The Montreal Carabins women's ice hockey team defend the colors of the Université de Montréal and are members of the Quebec Student Sports Federation (RSEQ), and compete for the Canadian Interuniversity Sport women's ice hockey championship. One Carabins player have participated internationally, including the World Student Games. Home games are contested at l'aréna du CEPSUM. In addition, the Women's ice hockey team are connected to the club Montreal Carabins.

History

The 2009-10 season was their first competing in CIS. The Carabins finished second during the regular season and claimed the fifth position in the CIS Canadian championship. In their second season (2010-11), the team ranked in second place in the Québécois conference behind McGill Martlets. In the 2011 playoffs, the Carabins eliminated the Concordia Stingers but the Carabins are in turn to eliminate in finale by McGill. In their second season, they did not qualify for the CIS Canadian championships. 
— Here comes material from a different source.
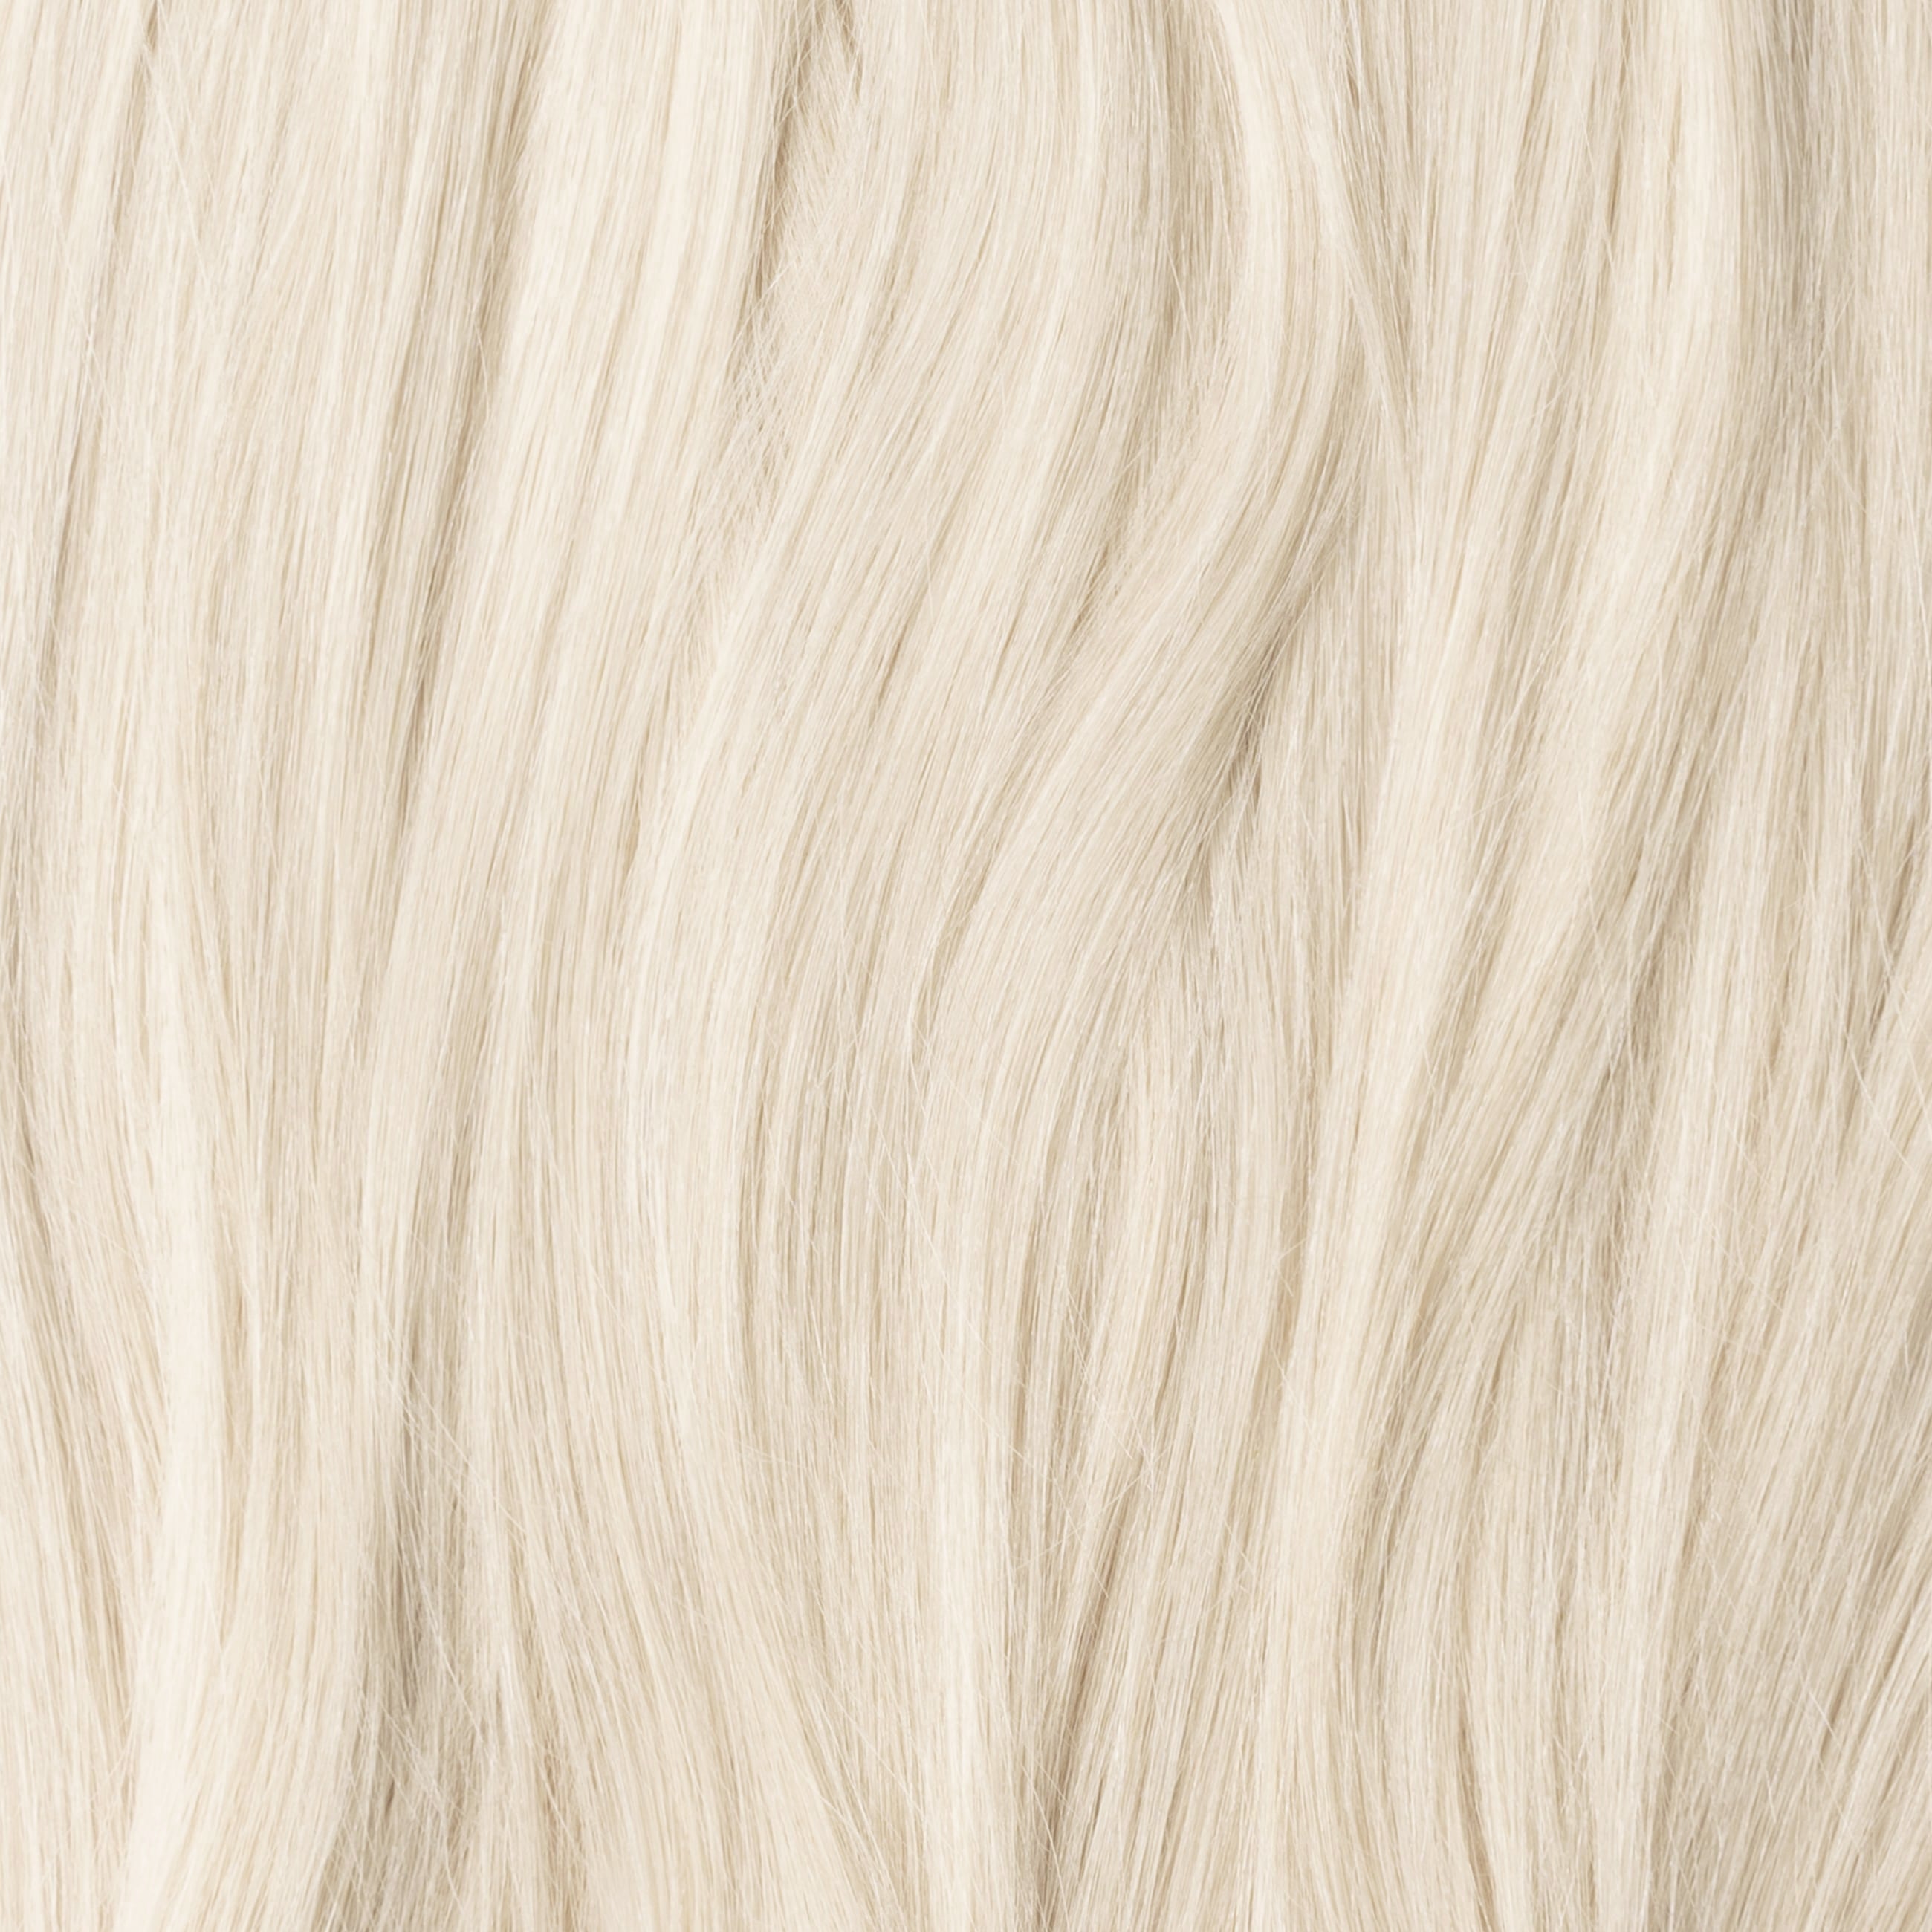 Invisible weft - Platinum Blonde 70B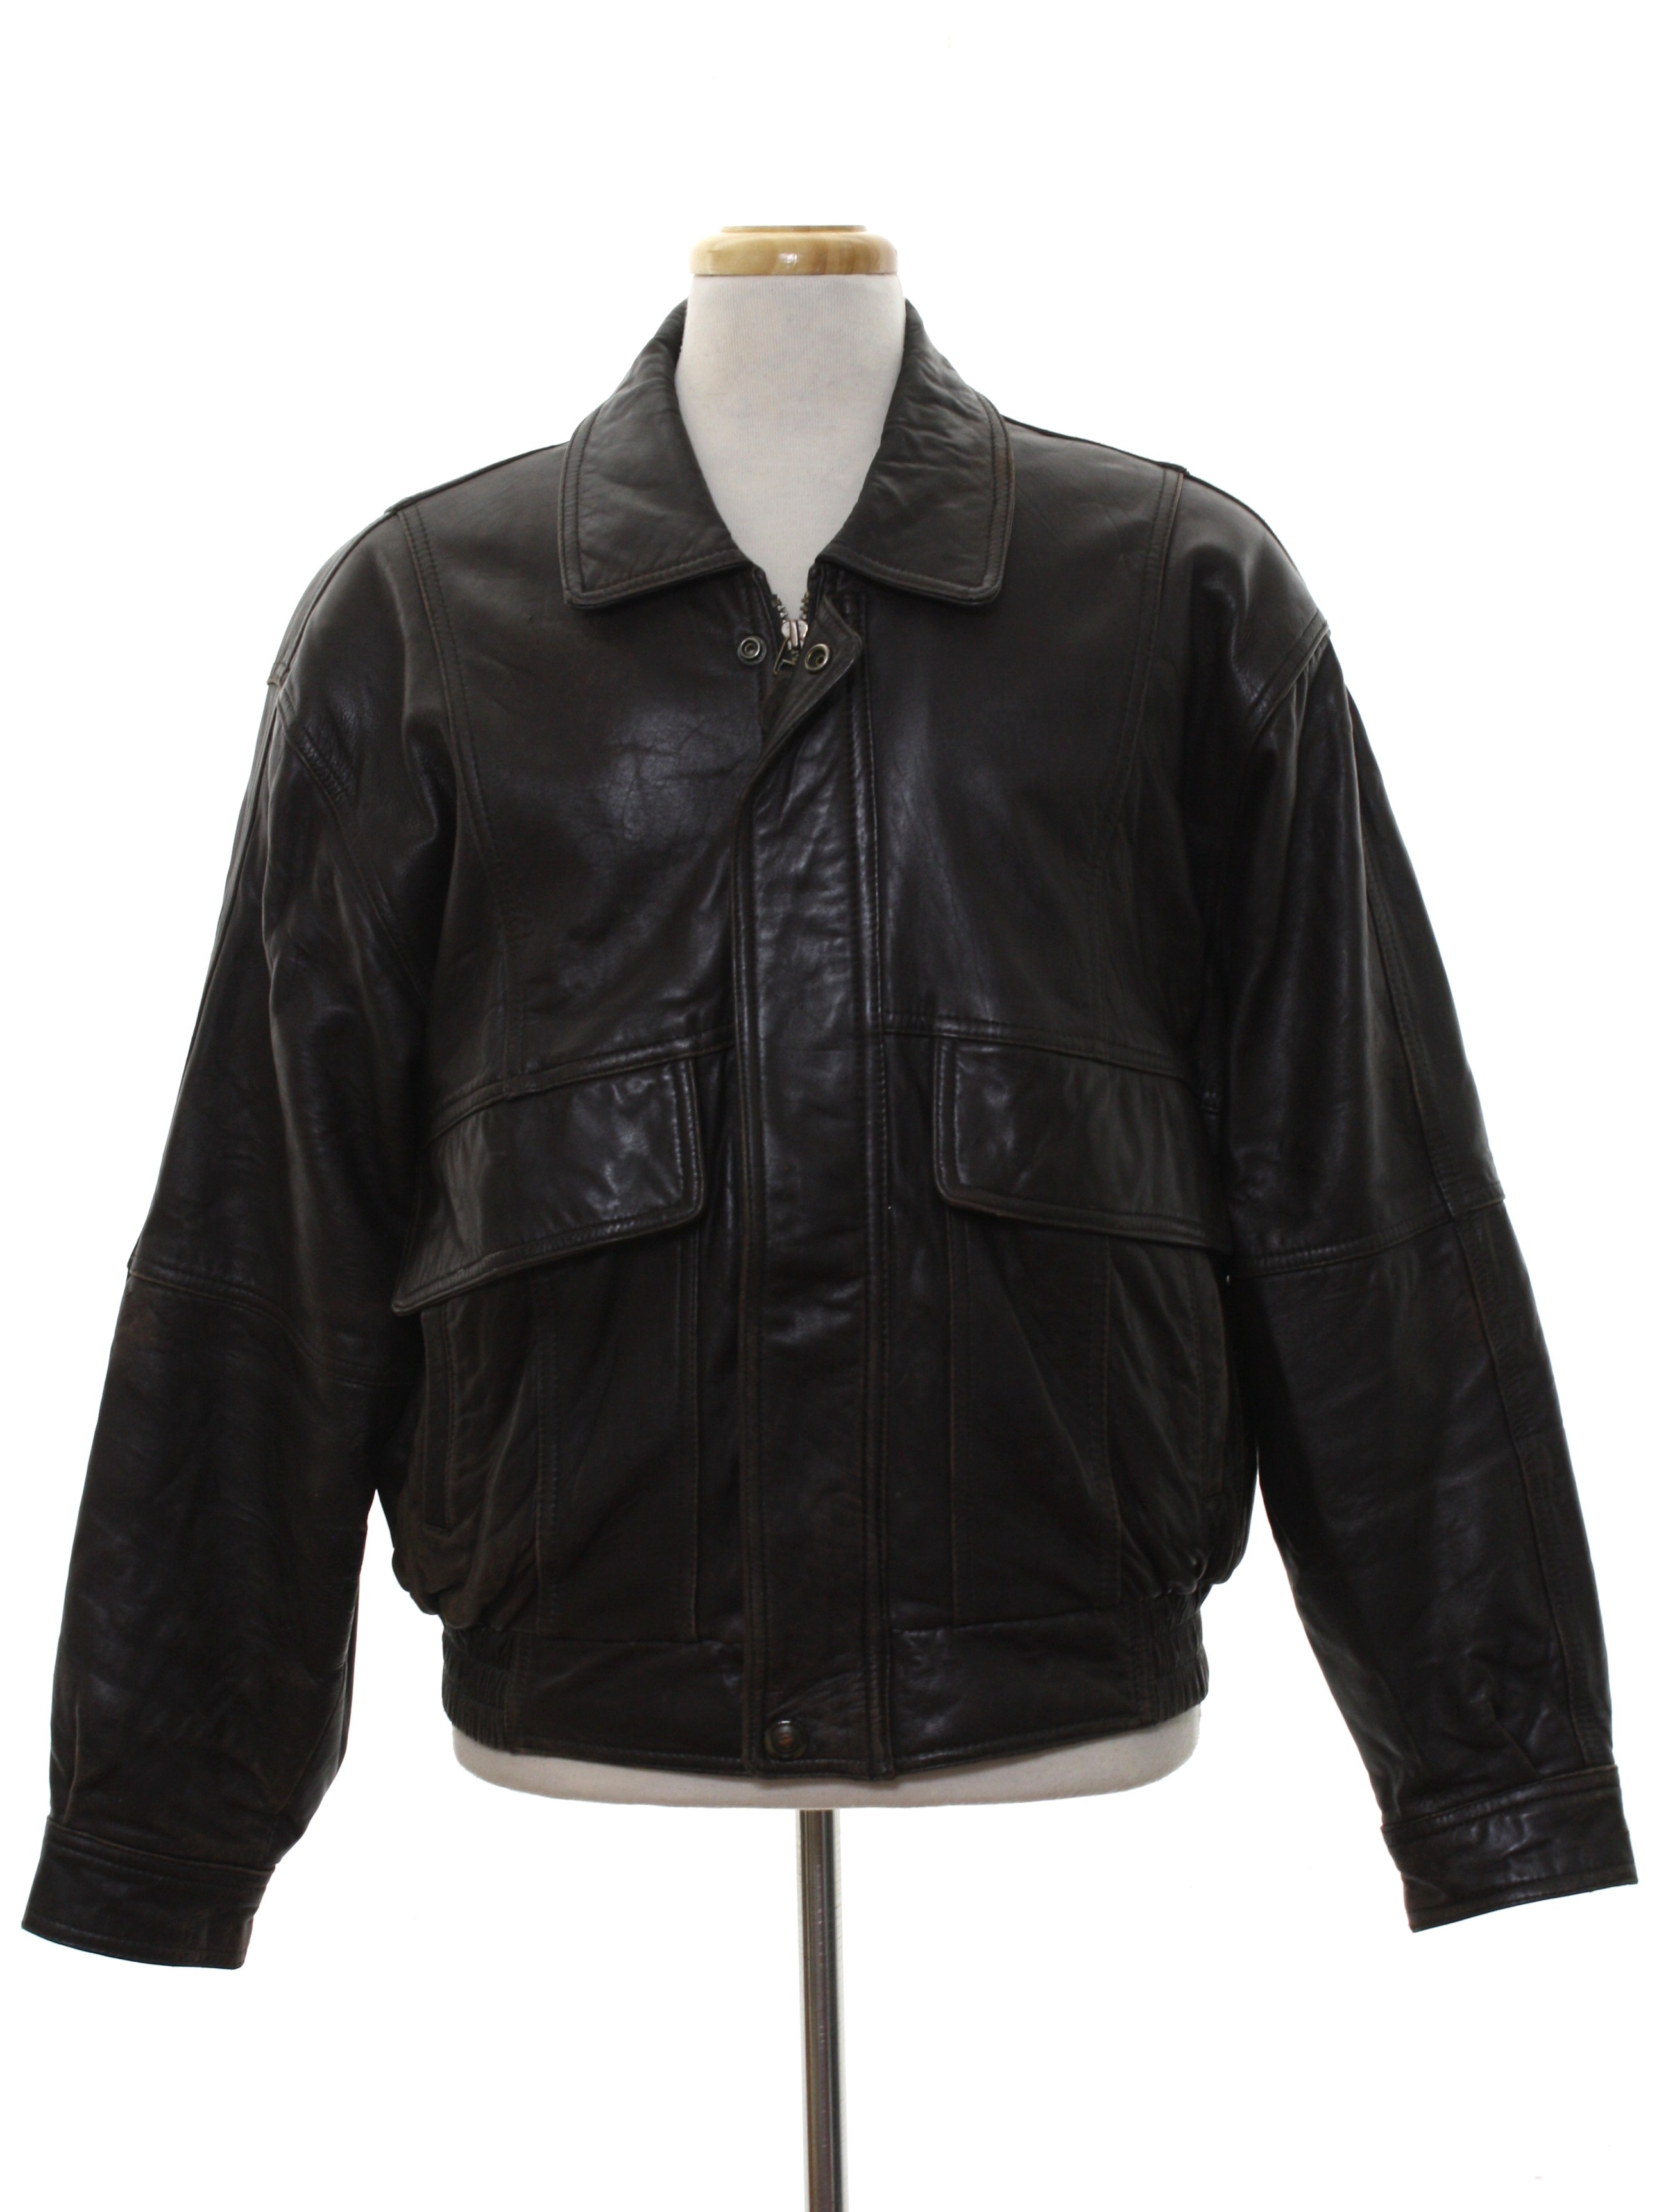 Retro Eighties Leather Jacket: 80s -Members Only- Mens dark brown ...

On October 29, 2011, Carabins skater Ariane Barker scored with 71 seconds left to give the squad a 3-2 win at McConnell Arena. Martlets goaltender Charline Labonte took the loss for the Martlets, giving her a 69-2 overall record in her CIS career. It marked the Martlets first loss to a Quebec conference opponent for the first time in 108 games.

In the 2011-12 season, the Carabins reach in finale national in their third season of existence only. The Carabins lose however in finale against Calgary Dinos,. The Carabins women ice hockey team deserve the first medal of their young history (a Silver medal),

Current Roster 2011-2012 

Reference

Staff 2011-2012 

 General manager Danièle Sauvageau
 Councillor-Adviser France St-Louis
 Head Coach: Isabelle Leclaire
 Assistant Coach: Brittany Privée
 Assistant Coach: Pascal Daoust
 Goaltender Coach: Nicolas Champagne

Reference

Awards and honours

RSEQ Awards
2010 QSSF Rookie of the Year, Kim Deschênes
2014-15 RSEQ MOST OUTSTANDING PLAYER: Ariane Barker

RSEQ All-Stars
First Team
2009-10 QSSF First Team All-Star, Kim Deschênes, Forward
2009-10 QSSF First Team All-Star, Marie-Hélène Suc, Defence
2009-10 QSSF Second Team All-Star, Marie-Andrée Leclerc-Auger

After the 2010-11 season, Forwards Josianne Legault, Kim Deschênes, the Defencemen Stéphanie Daneau, Janique Duval and goaltender Rachel Ouellette were named to the All-Star teams of the league .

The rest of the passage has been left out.